URI a class which we have considered just, the set of every possible functions for job with various parts URL gives (such as definition such as URL - $url-> scheme, definition on what host he refers - $url-> host, and so on on the basis of the documentation on classes URI. Nevertheless, the most interesting are a method query_form, considered earlier, and now a method new_abs for transformation of the relative link ("../foo.html") in absolute (" http: // www.perl.com/stuff/foo.html "):



use URI;

$abs = URI-> new_abs ($maybe_relative, $base);


For example, we shall consider this programmku which chooses links from a HTML-page snovymi modules on CPAN:



use strict;

use warnings;

use LWP 5.64;

my $browser = LWP:: UserAgent-> new;


my $url = ' http: // www.cpan.org/RECENT.html ';

my $response = $browser-> get ($url);

die " Can't get $url - ", $response-> status_line

unless $response-> is_success;


my $html = $response-> content;

while ($html = ~ m / <A HREF = " (. *?) "/g) {

print "$1n";

}


At start she starts to give out something like it:



MIRRORING.FROM

RECENT

RECENT.html

authors/00whois.html

authors/01mailrc.txt.gz

authors/id/A/AA/AASSAD/CHECKSUMS

...


But, if you want receive the list of absolute links you can to use a method new_abs, having changed a cycle while as follows:



while ($html = ~ m / <A HREF = " (. *?) "/g) {

print URI-> new_abs ($1, $response-> base), "n";

}


($response-> base the module HTTP::Message it is used for definition of the base address for transformation of relative links in absolute.)

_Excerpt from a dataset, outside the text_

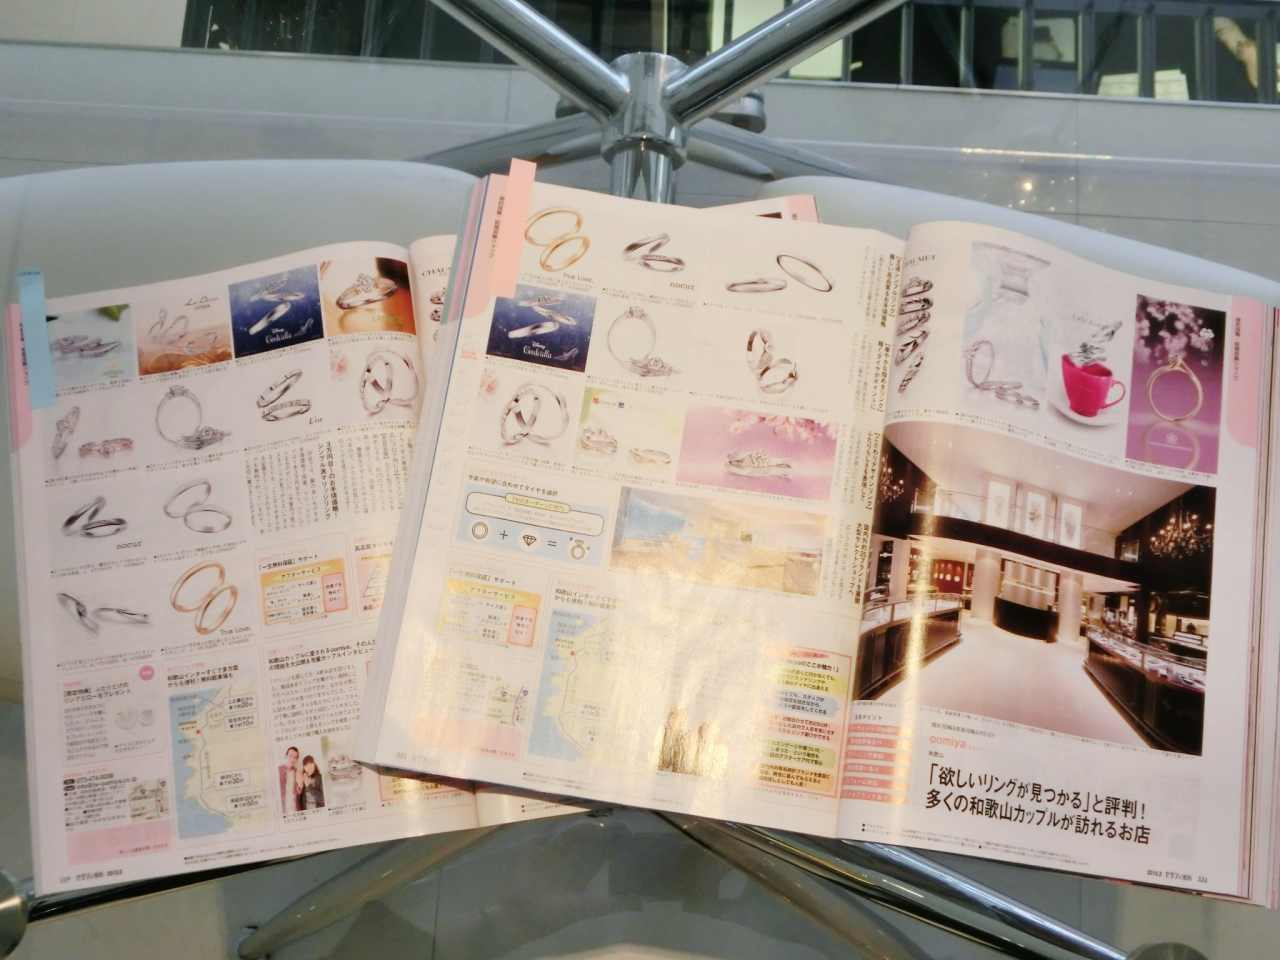 oomiya和歌山本店 ゼクシィ掲載商品は⇒ピンクの矢印をチェック☆

Now our program gives out that ndo:



http://www.cpan.org/MIRRORING.FROM

http://www.cpan.org/RECENT

http://www.cpan.org/RECENT.html

http://www.cpan.org/authors/00whois.html

http://www.cpan.org/authors/01mailrc.txt.gz

http://www.cpan.org/authors/id/A/AA/AASSAD/CHECKSUMS

...


See. Chapter{head} 4, "URLs", books Perl and LWP for the greater information on objects URI.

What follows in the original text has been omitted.